Another recent commission involved the recreation of a lost and much-loved necklace for a woman, commissioned by her husband, to mark a big life event.

“He basically had it recreated for the arrival of their first child. He had photos of her wearing it so we were able to recreate it.

"It’s amazing to see how thoughtful people can be.

“You start to think of these things as quite simple. It’s such a happy and romantic time for people, but there are a lot of decisions to make which can be quite intimidating.

"I’m blown away when they send me photos of their wedding day holding hands and wearing the rings.”

The Cocolat Maker

The very cornerstone of Leanne De Cerbo’s business is making food that makes others look and feel good without punishing themselves.

She set up her business, Urban Kitchen, to develop her delicious Cocolat range which is vastly different from traditional chocolate - free from dairy, gluten and low in sugar.

She uses ingredients like coconut oil and cacao, often using superfoods such as berries and chia seeds to enhance flavour.

Cacao - the cocoa bean in its raw state - contains ingredients that work with your serotonin levels to make you feel happy and relaxed.

The Cocolat collection features four ranges and 40 flavours.

A former magazine editor who wanted to start her own business, De Cerbo started experimenting with ingredients and flavours in the kitchen of her Dublin home.

“I’d been doing a course in social media and I hated it. I loved doing dinner parties and pulling out the stops at Christmas. I loved making chocolate at Christmas.

“The basic cocolat is where it started. All of it is plant based. I wanted to do something different.

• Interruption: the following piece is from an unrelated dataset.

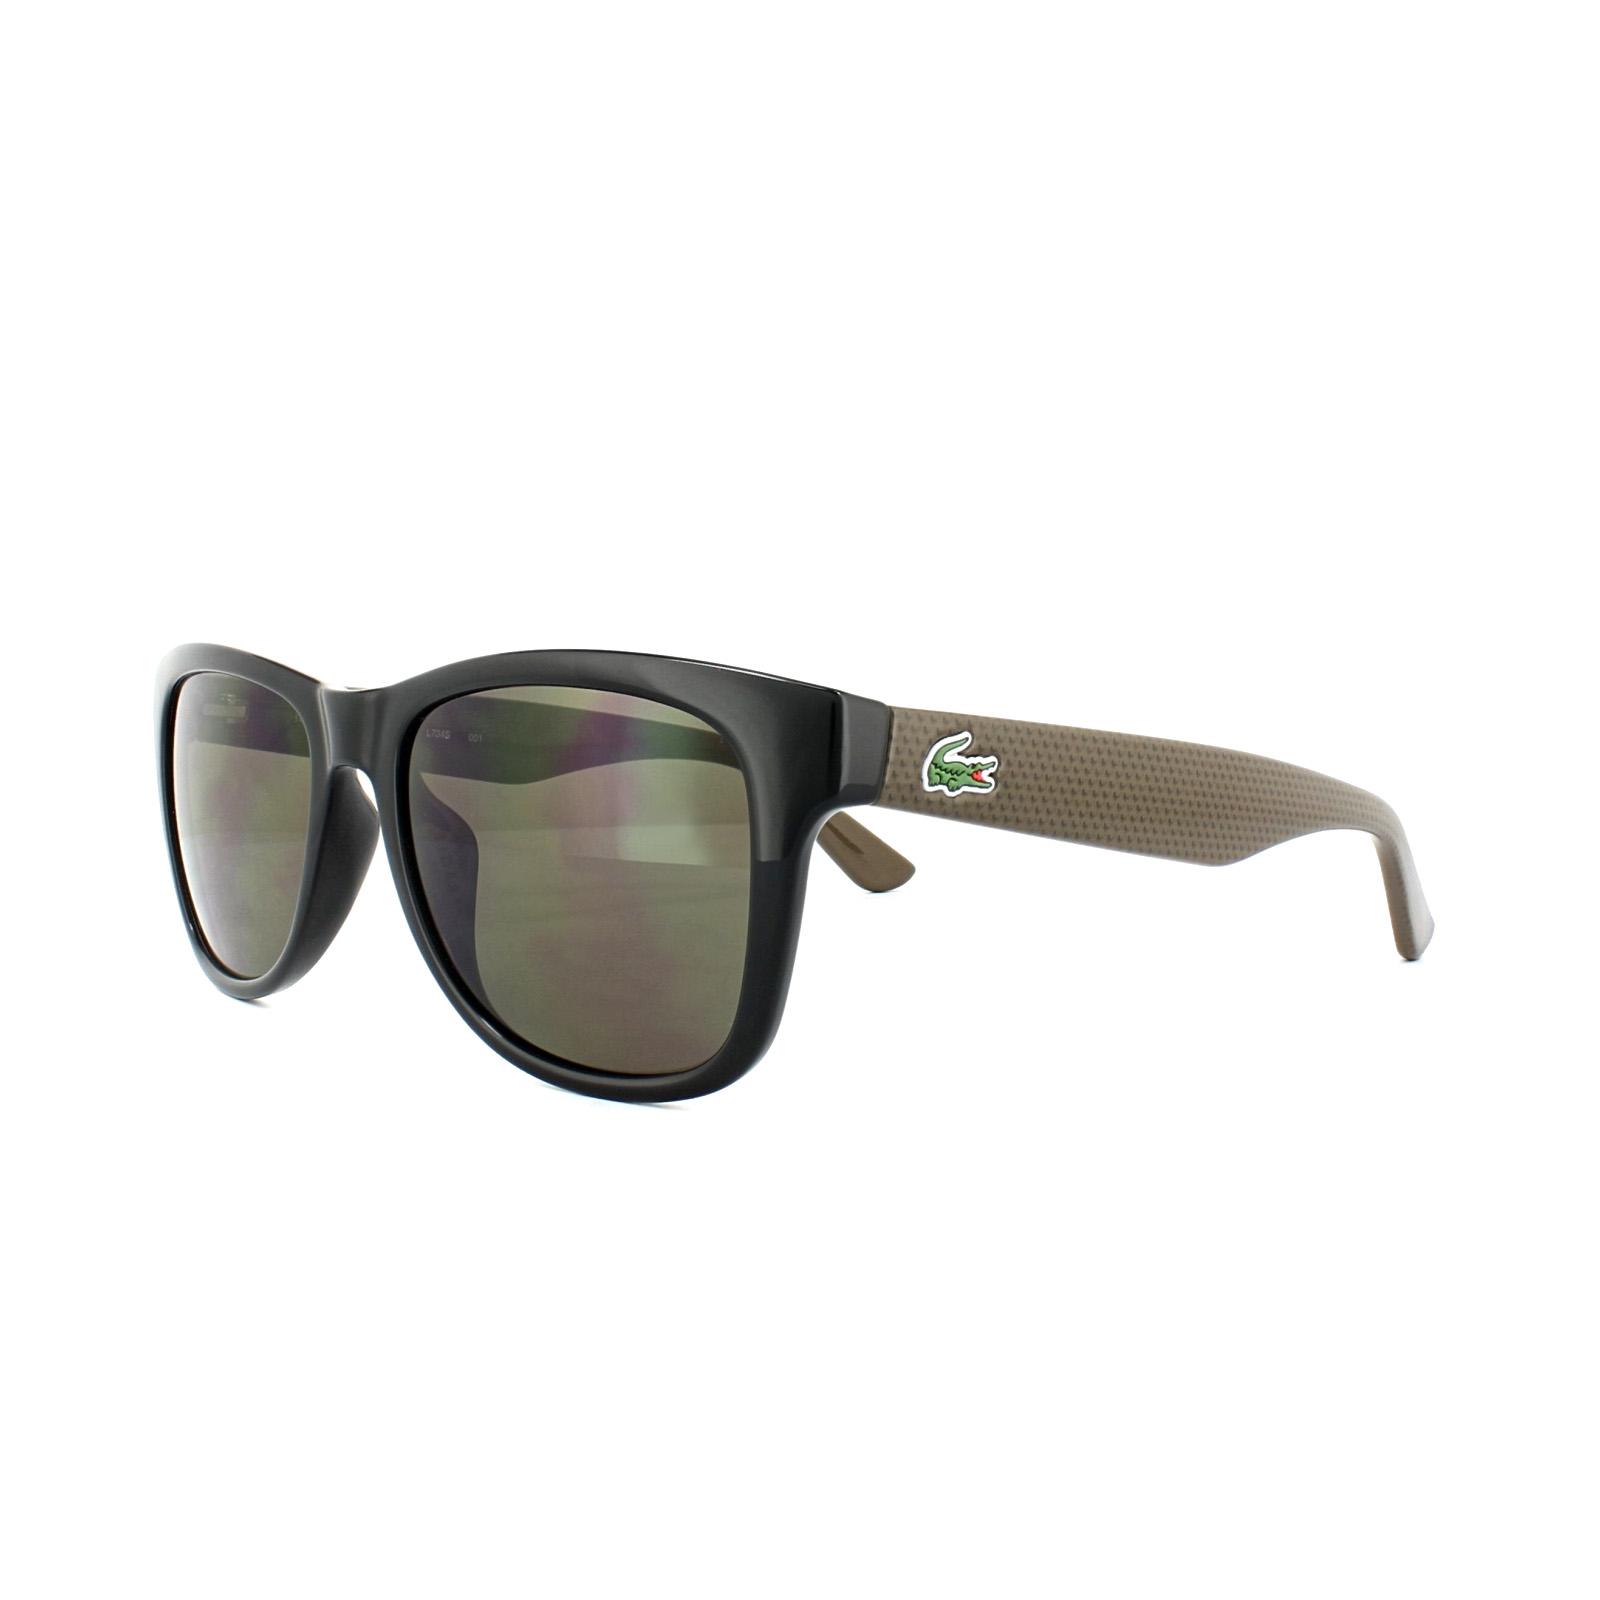 94158b02f414 Lacoste Sunglasses L734S 001 Black Brown Grey Gradient 883121973480 ...
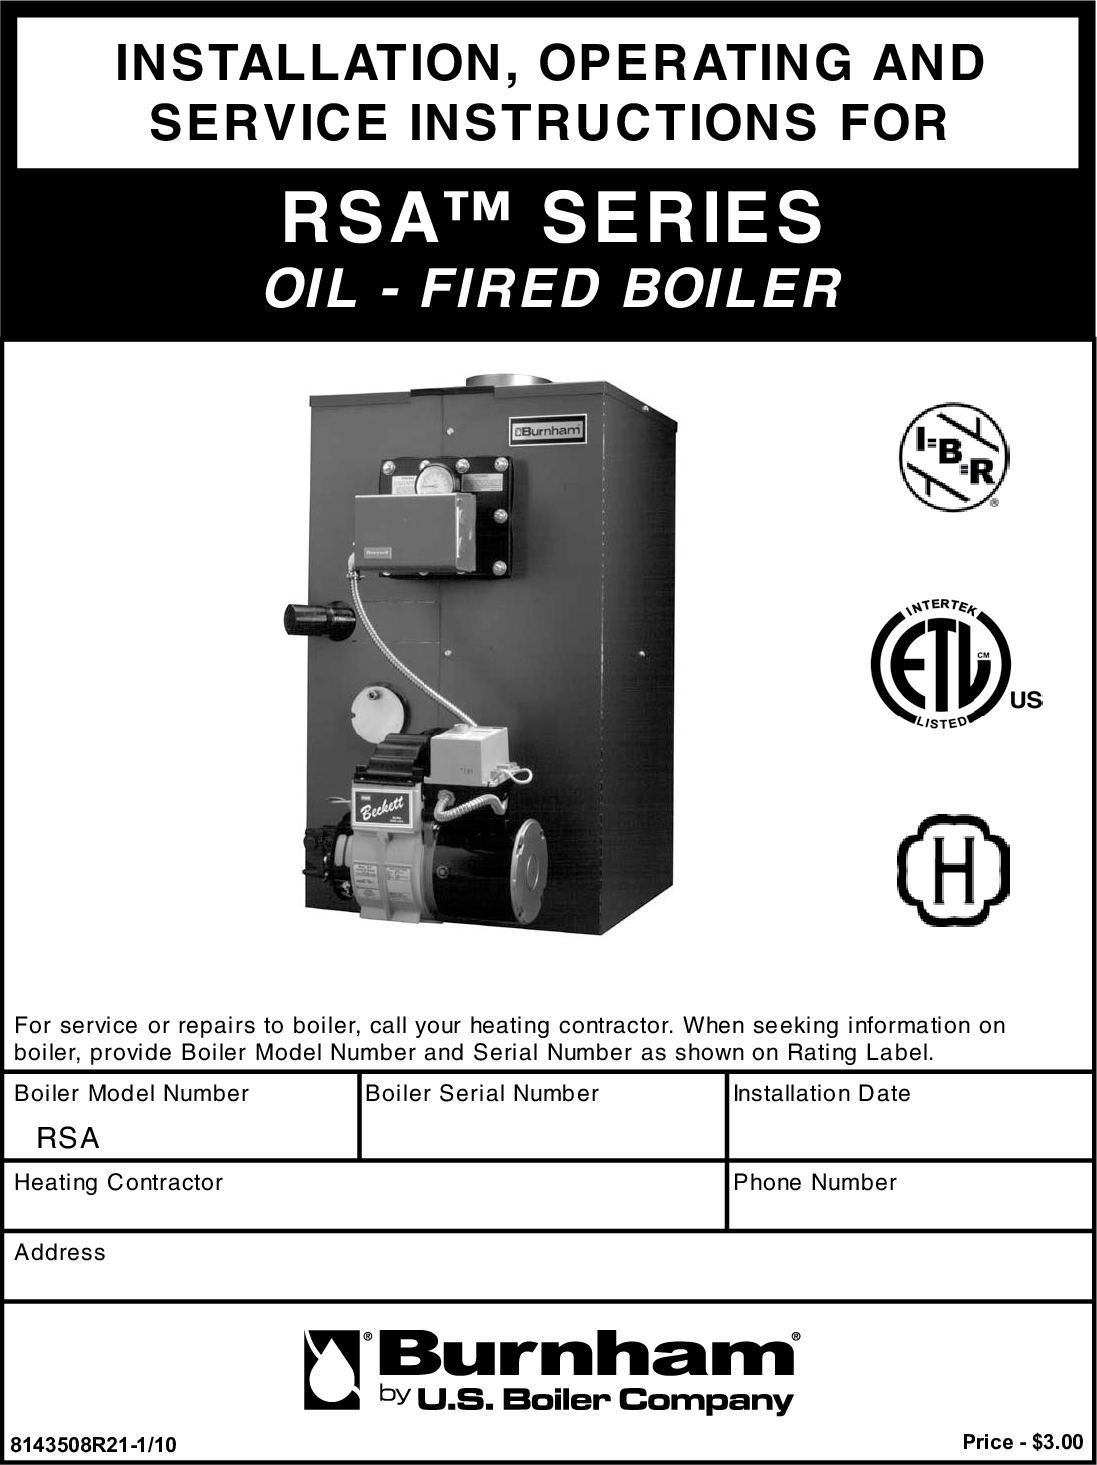 Hotpoint RSA User Manual To The A055a201 6e9b 4616 9fba eb9cdf113619

"I didn’t want to replicate something else. I started messing around with things like a blackberry mojito chocolate that I make in the summertime.”

She started bringing her wares to The Supernatural Food Market to road test which flavours people loved most - and enjoyed the spirit of the market so much she still has a stall there.

Children come up to me and love the chocolate. It’s dark and rich so I didn’t think they would go for it, but they do.

"It’s great getting people’s feedback and telling me how much they enjoy it. It’s a great community and you get to know people.

"There is one little girl and she has an immunity condition and she can’t digest some things.

"She couldn’t have any of the range and I felt so bad for her. I created a type of cake made especially for her and it made me so happy.”

The year, she will be involved in a website called Green, featuring various producers who make food that looks good, tastes good and does good.